Question

A car has a mass of 1500 kg. If the driver applies the brakes while on a gravel road, the maximum friction force that the tires can provide without skidding is about 7000 N.

If the car is moving at 22 m/s, what is the shortest distance in which the car can stop safely?

Answer 1

he horizontal forces acting on the car are: the braking (friction) force opposing car's movement and the inertial force which tends to keep the car moving. The two forces have equal intensity and opposite directions.

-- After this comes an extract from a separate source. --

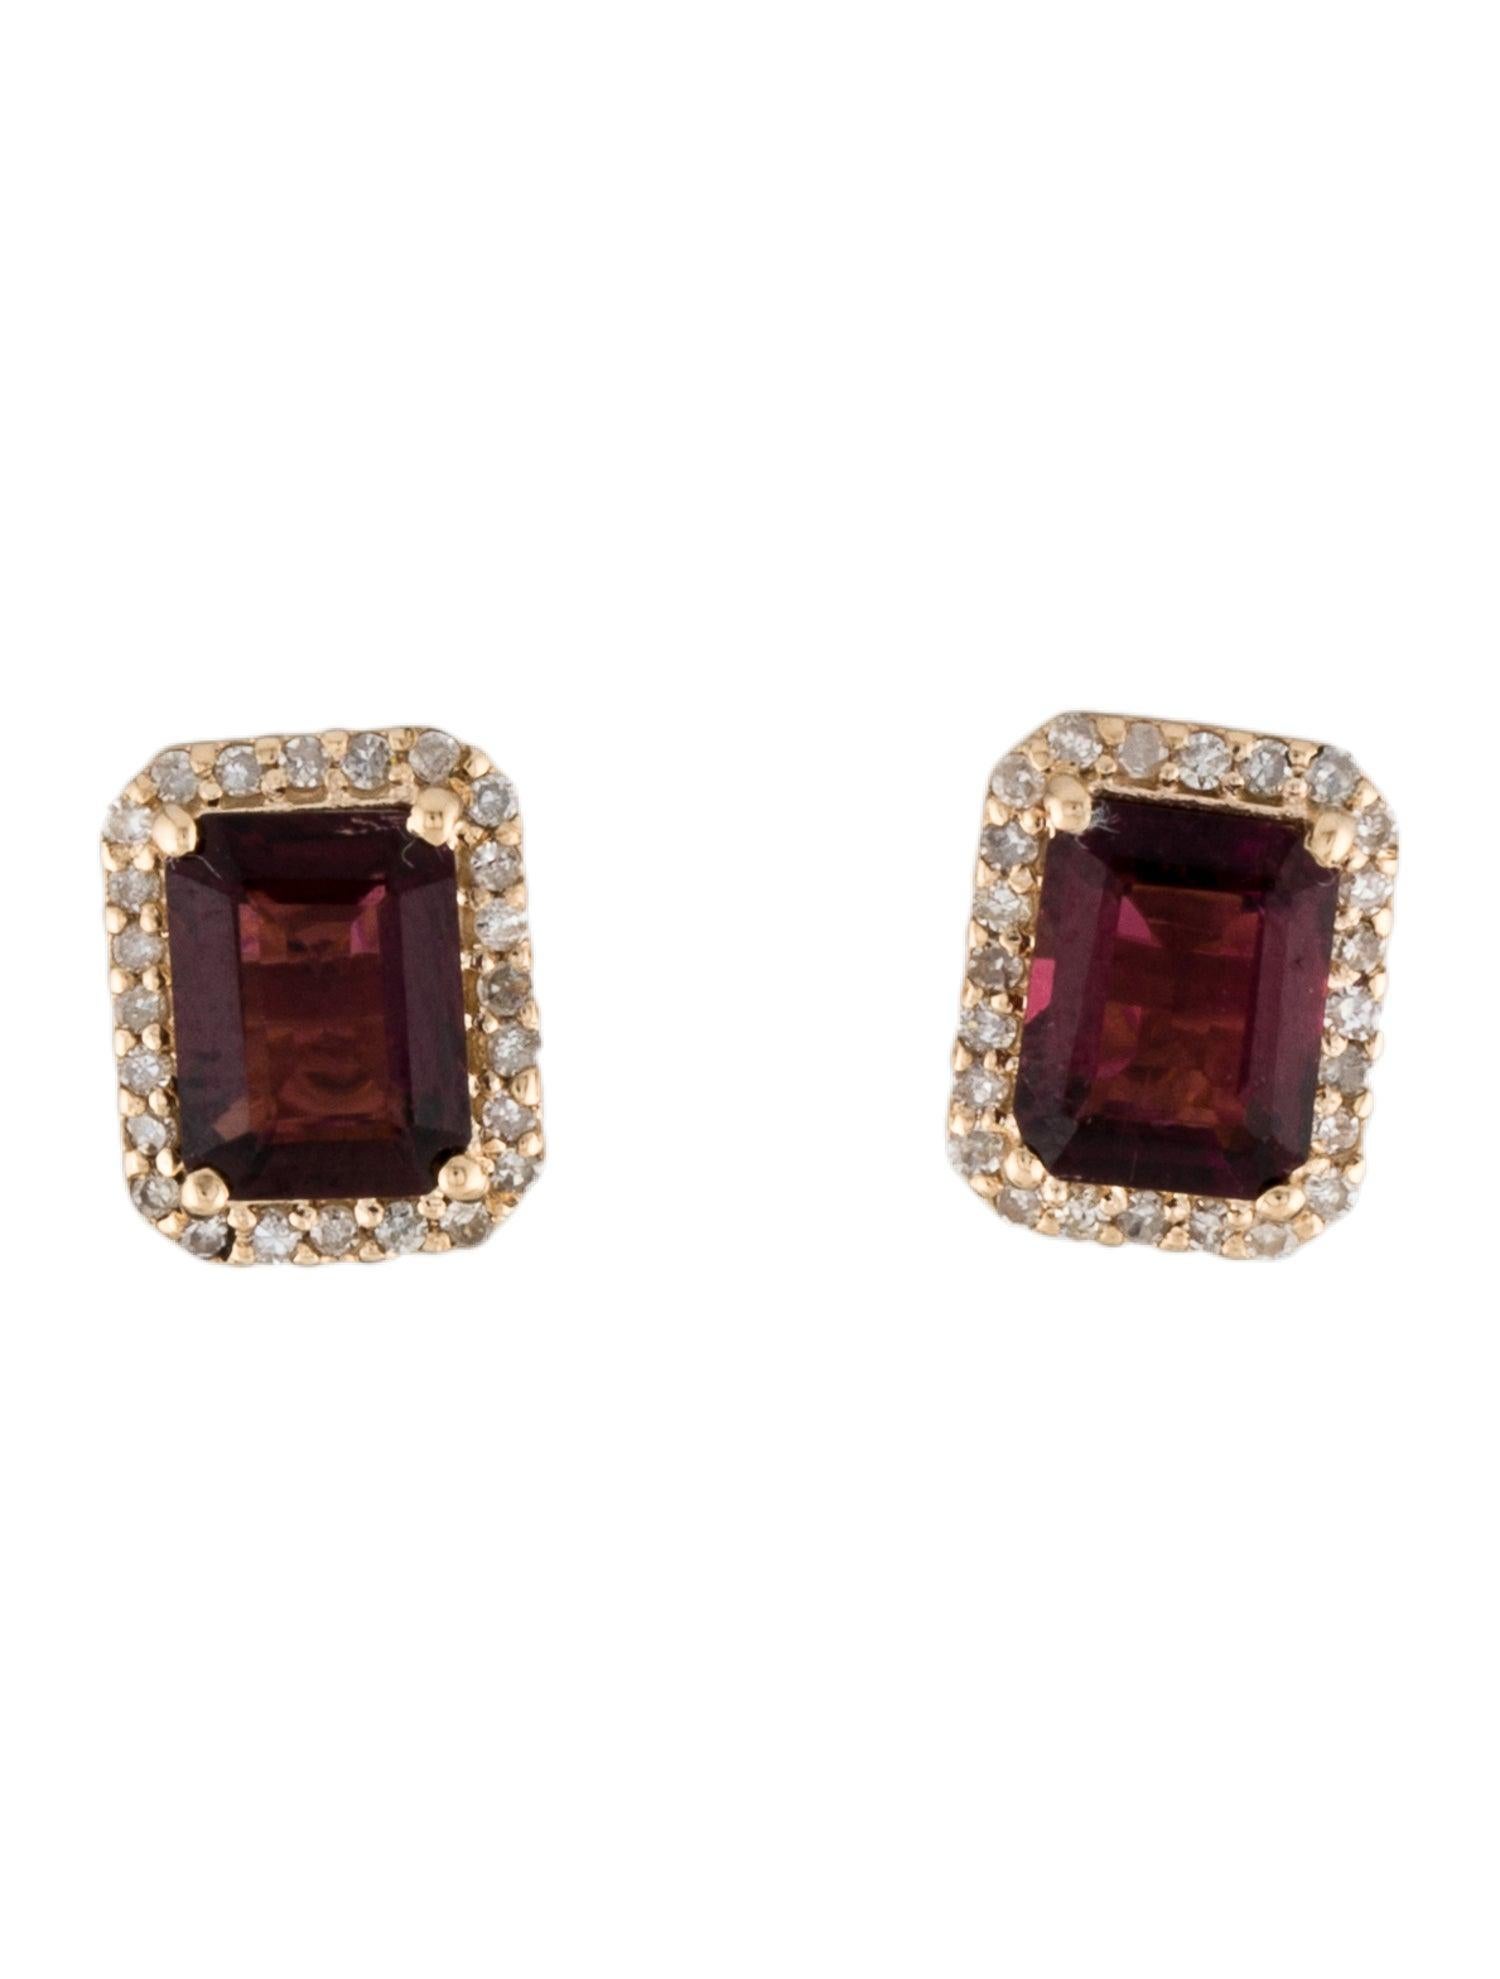 Unveil the essence of elegance with these stunning 14K Yellow Gold Stud Earrings, featuring an exquisite ensemble of 1.84 carats of cut cornered rectangular step cut Tourmaline. The tourmaline stones, radiating captivating hues of red and pink, are

That means that the friction force equals the inertial force:
Ff = Fin
Ff = m*a
Solving for acceleration:
a = Ff/m = 7000/1500 = 4.67 m/s^2
Velocity (car speed), uniform acceleration and space are linked by the following formula:
v^2 = 2as
Solving for s:
s = V^2/(2a) = 22^2/(2*4.67) = 51.82 m
which is the shortest safe stopping distance for the car.

Answer 2

The horizontal forces acting on the car are: the braking (friction) force opposing car's movement and the inertial force which tends to keep the car moving. The two forces have equal intensity and opposite directions. That means that the friction force equals the inertial force:
Ff = Fin
Ff = m*a
Solving for acceleration:
a = Ff/m = 7000/1500 = 4.67 m/s^2
Velocity (car speed), uniform acceleration and space are linked by the following formula:
v^2 = 2as
Solving for s:
s = V^2/(2a) = 22^2/(2*4.67) = 51.83 m
which is the shortest safe stopping distance for the car.

Answer 3

maximum possible accelaration=7000/1500=4.6667m/s²

v²=u²+2as

0=22²-2*4.6667*s

s=51.8534m